I recently began reading the blog written by Dave Kellogg who is the CEO of Mark Logic, a company devoted to XML-based content management. I think I came to notice them when I discovered what cool technology EMC got when it bought X-hive which has now become Documentum xDb/XML Store. Mark Logic and X-hive was of course competitors in the XML Database market. In a recent blog post he reflects on the Palantir product after attending their Government Conference.

The main scope of his blog post is around different business models for a startup and that is not my expertise and I don’t have any particular opinion around that although I tend to agree and it was interesting to read his reflections of how other companies such as Oracle (yet another competitor to Mark Logic and xDb) have approached this.

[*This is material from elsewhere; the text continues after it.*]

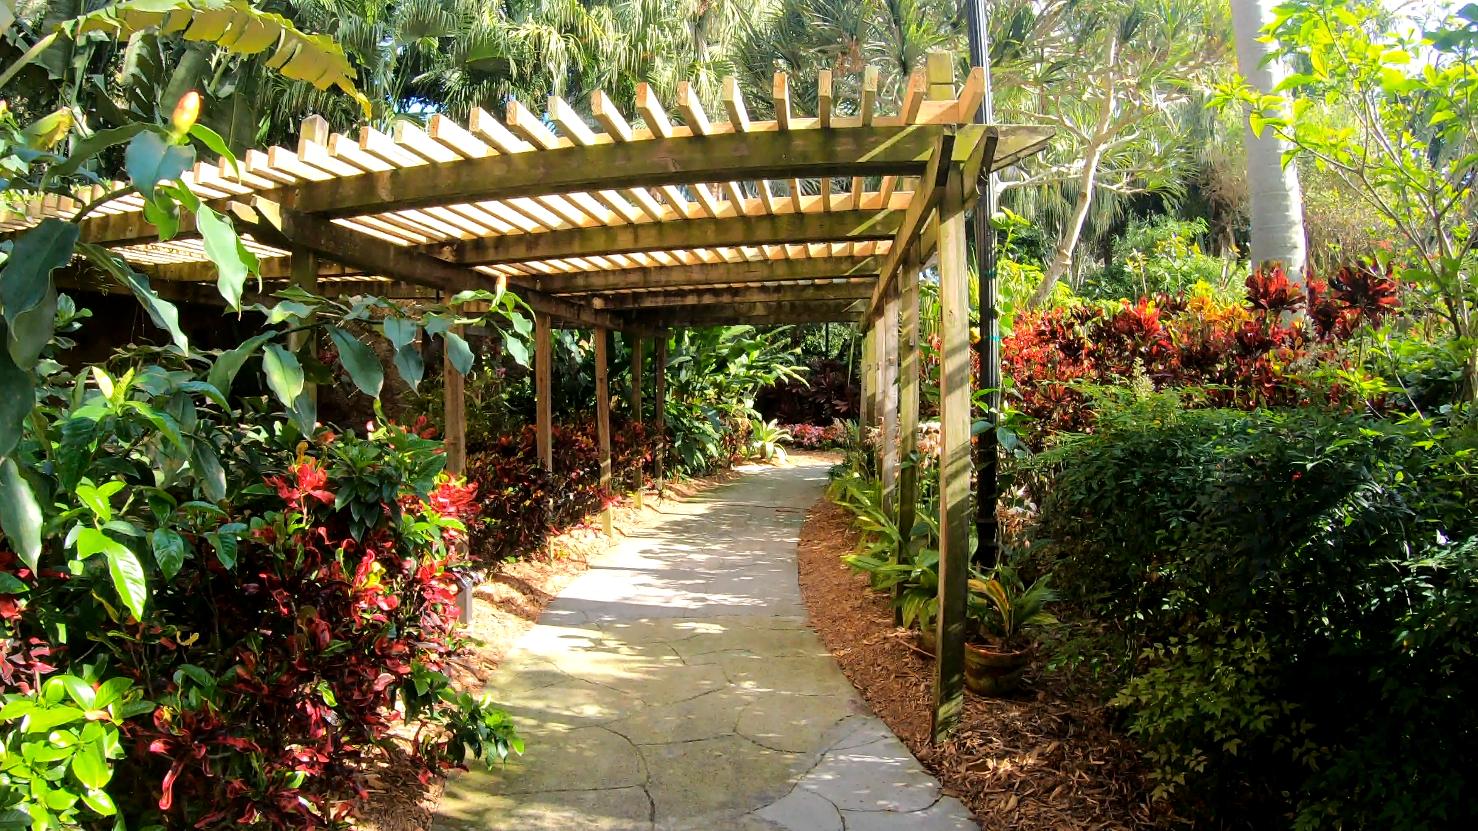 Sunken Gardens is a botanical paradise in St. Petersburg

Instead my thinking is based around his analysis of the product that Palantir offers and how that technology relates to other technology. I think most people (including Kellogg) mainly view Palantir as a visualisation tool because you see all these nice graphs, bars, timelines and maps displaying information. What they tend to forget is that there is huge difference between a tool that ONLY do visualisation and one that actually let you modify the data (actually modifying contextual data around them such as metadata and relations) within those perspectives. There are many different tools around Social Network Analysis for instance. However, many of them assumes that you already have databases full of data just waiting to be visualised and explored. Nothing new here. This is also what many people use Business Intelligence toolkits for. Accessing data in warehouses that is already their, although the effort of getting there from transactions oriented systems (like in retail) is not small in any way. However, the analyst using these visualisation-heavy toolkits access data read-only and only adds analysis of data already structured.

Here is why Palantir is different. It provides access to raw data such as police reports, military reports, open source data. Most of it in unstructured or semi-structured form. When it comes into the system it is not viewable in all these fancy visualisation windows Palantir has. Instead, the whole system rests on a collaborative process where people perform basic analysis which includes manual annotations of words in reports. This digital marker pen allows users to create database objects or connect to existing ones. Sure this is supported by automatic features such as entity extraction but if you care about data quality you do not dare to put them in automatic mode. After all this is done you can start exploring the annotated data and linkages between objects.

However, I do agree with Dave Kellogg that if people think BI is hard, this is harder. The main reason is that you have to have a method or process to do this kind of work. There are no free lunches – no point of dreaming about full automation here. And people need training and mindset to be able to work efficiently. Having played around with TIBCO Spotfire lately I feel that there is a choice between integrated solutions like Palantir which has features from many software areas (BI, GIS, ECM, Search etc) or using dedicated toolkits with your own integration. Powerful BI with data mining is best done in BI-systems whereas they probably never will provide the integration between features that vendors like Palantir offers. An open architecture based on SOA can probably make integration in many ways easier.